Ancaman sekecil apapun terhadap suatu golongan atau masyarakat dengan keyakinan politik, etnis, bahasa, dan agama yang berbeda oleh mereka yang dianggap lebih besar atau kuat, akan mengundang reaksi bahkan perlawanan. Mempertahankan persatuan dengan hukum saja tidak akan pernah cukup.

Catalonia dan Spanyol sedang menghadapi masalah itu, gerakan untuk merdeka karena tidak melihat perlunya berada dalam persatuan Spanyol, yang dianggap inkonstitusional oleh Spanyol. Cukupkah Spanyol membendung gerakan itu dengan konstitusinya? Atau pada akhirnya Spanyol akan mengerahkan kekuatan bersenjata? Kita paham bahwa Spanyol pernah melalui perang saudara yang menoreh luka panjang, dengan 600-an ribu korban gugur dan 400-an ribu orang lari meninggalkan Spanyol.

Saya hanya melihat bahwa banyak hal yang tidak bisa kita duga terjadi akan terjadi, dan kita tidak mau menyesal nanti. Banyak kini orang Amerika merasa menyesal bahwa mereka pernah memilih Trump. Bush sendiri, mantan presiden dari Partai Republik, barusan mengecam cara Trump berpolitik dan berkomunikasi. Kita tidak tahu apakah pemilih Kurz akan menyesal nanti, terutama mereka yang mewakili kelompok milenial.

Kita di Indonesia menghargai proses demokratisasi melalui salah satu tiangnya, pemilihan umum. Hasilnya, kecuali ada kecurangan, harus diterima dengan lapang dada, dan para pemimpin terpilih silahkan bekerja melaksanakan programnya dalam koridor peraturan perundangan.

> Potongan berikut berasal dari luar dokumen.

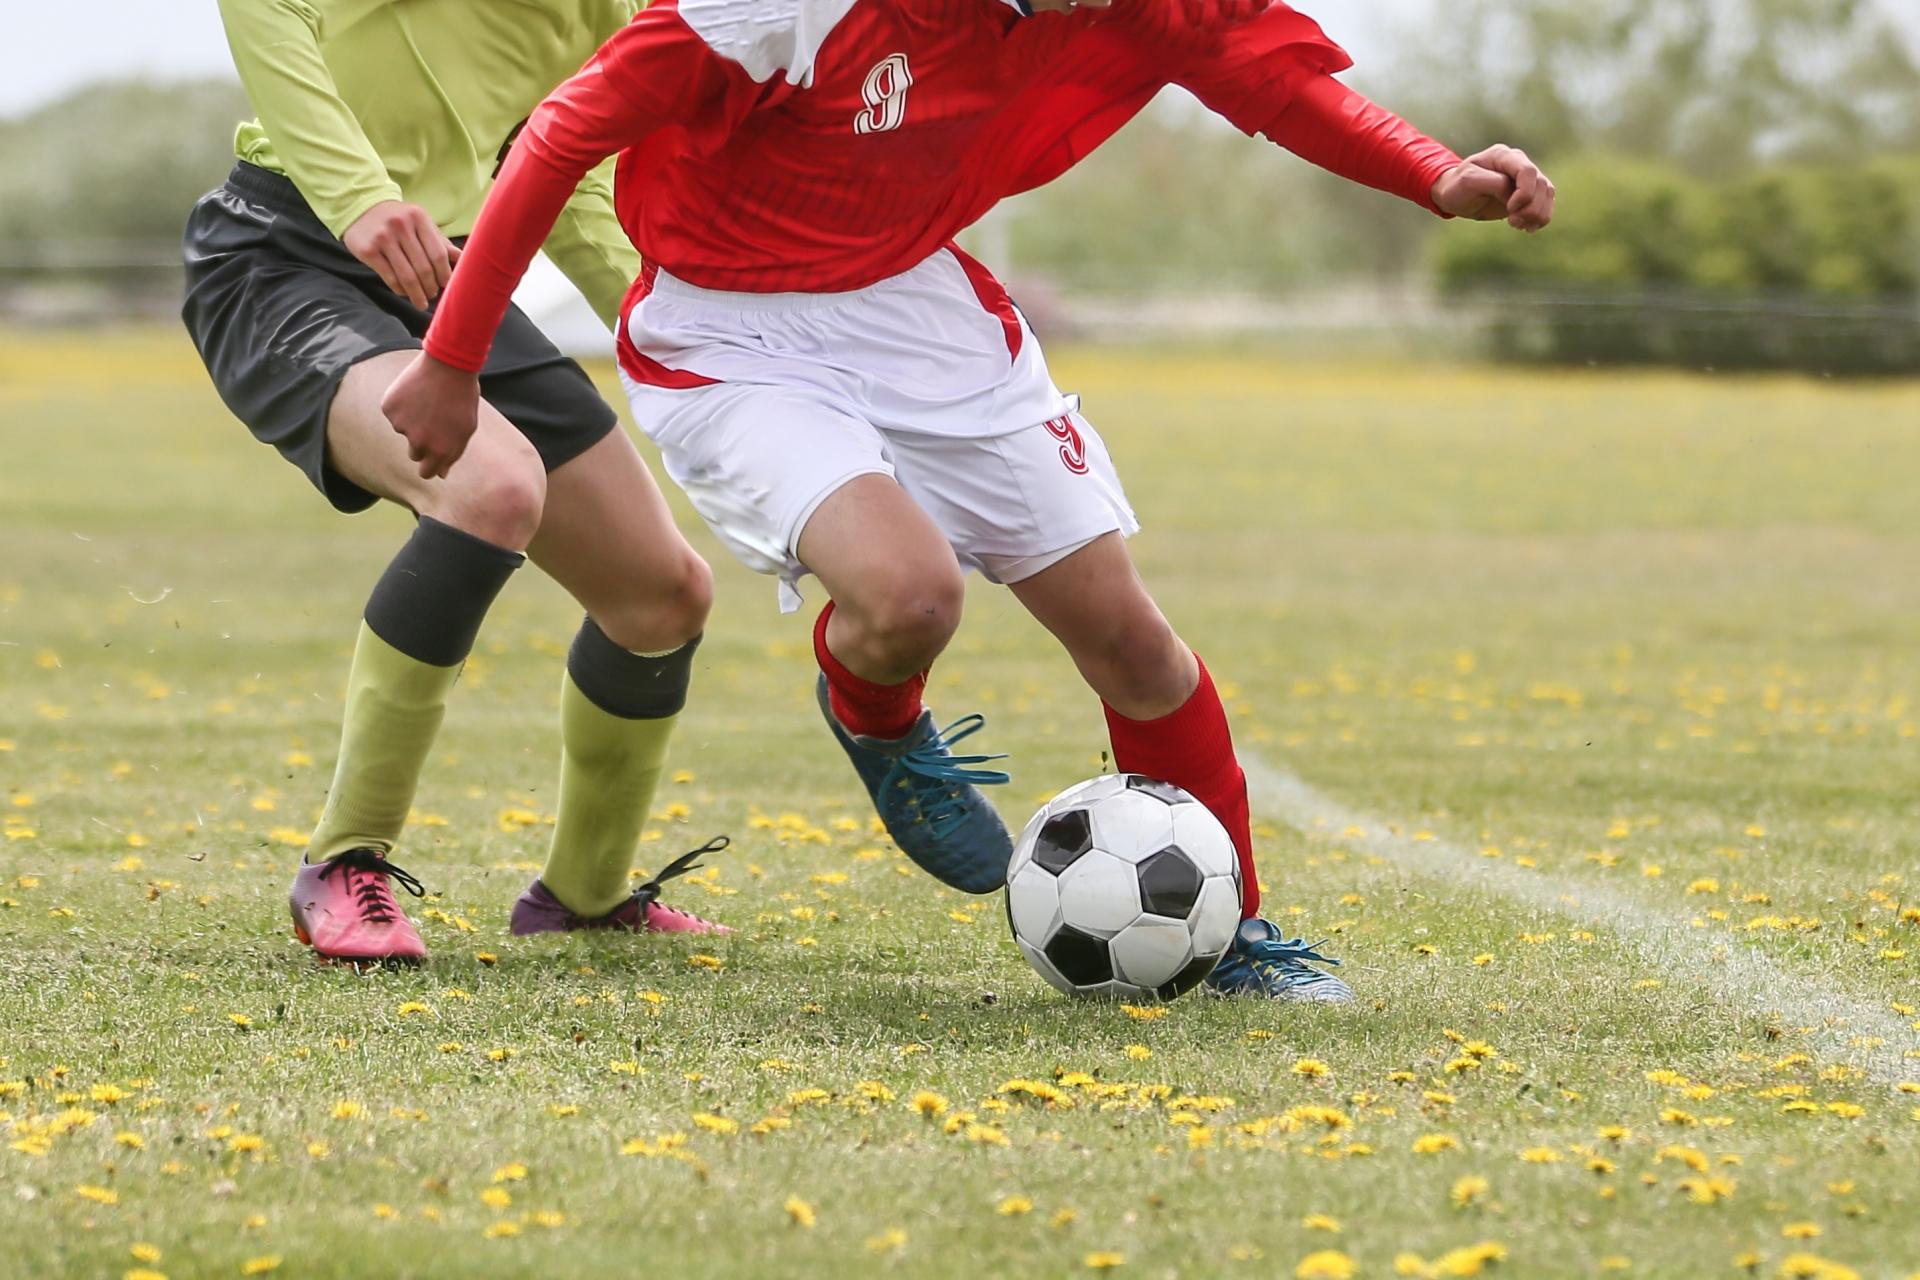 サッカーの技術向上に必要なポイント。5つの練習方法を紹介します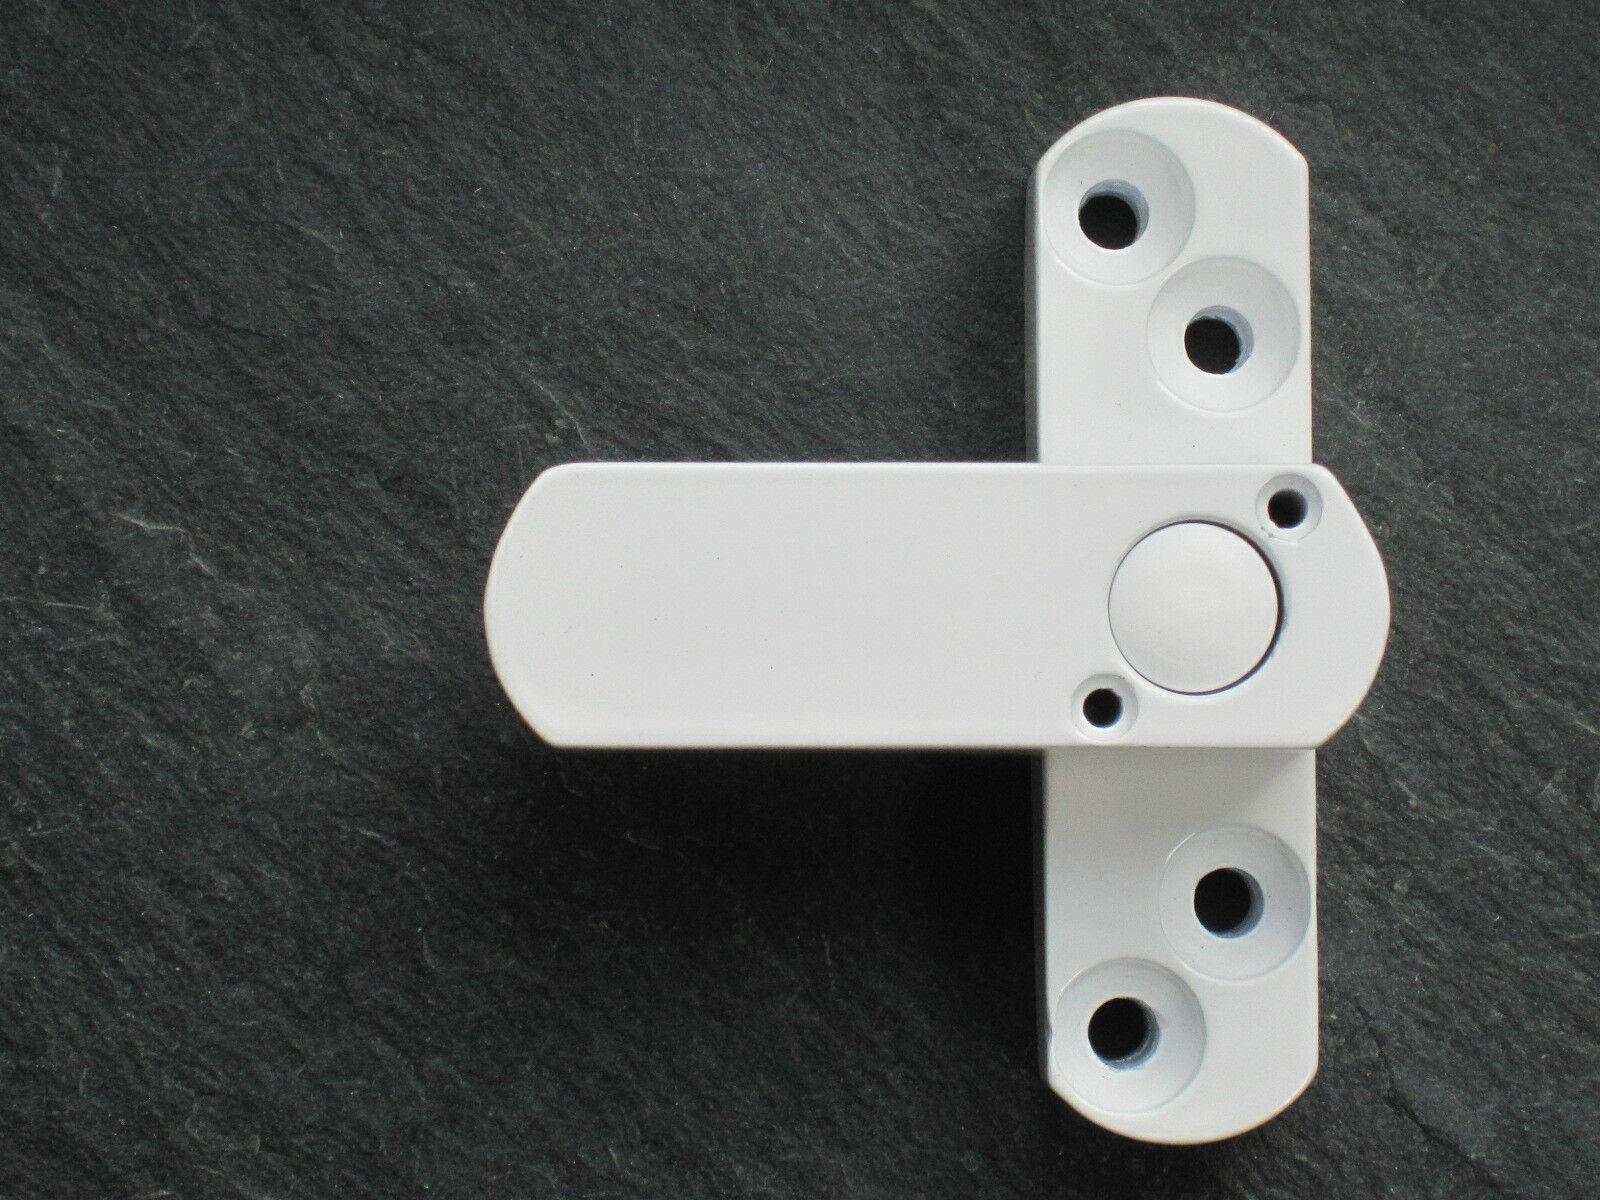 6 X Bever Fenstersicherung Einbruchsicherung 1-flügelig weiß 20SW Sicherung

Kita hanya tidak ingin ke depannya melihat pemimpin yang sekarang dan akan dipilih nanti dalam pilkada dan pemilu mendatang menanamkan bibit-bibit perpecahan yang merusak persatuan Indonesia yang justru tumbuh dan berkembang dari perbedaan. Sejarah akan mencatat, apakah mereka akan menjadi sebagian pemimpin yang mengisi dan memperkokoh persatuan Inodnesia, dan bukan justru pemimpin yang menanamkan bibit atau bahkan memulai upaya perusakan persatuan Indonesia.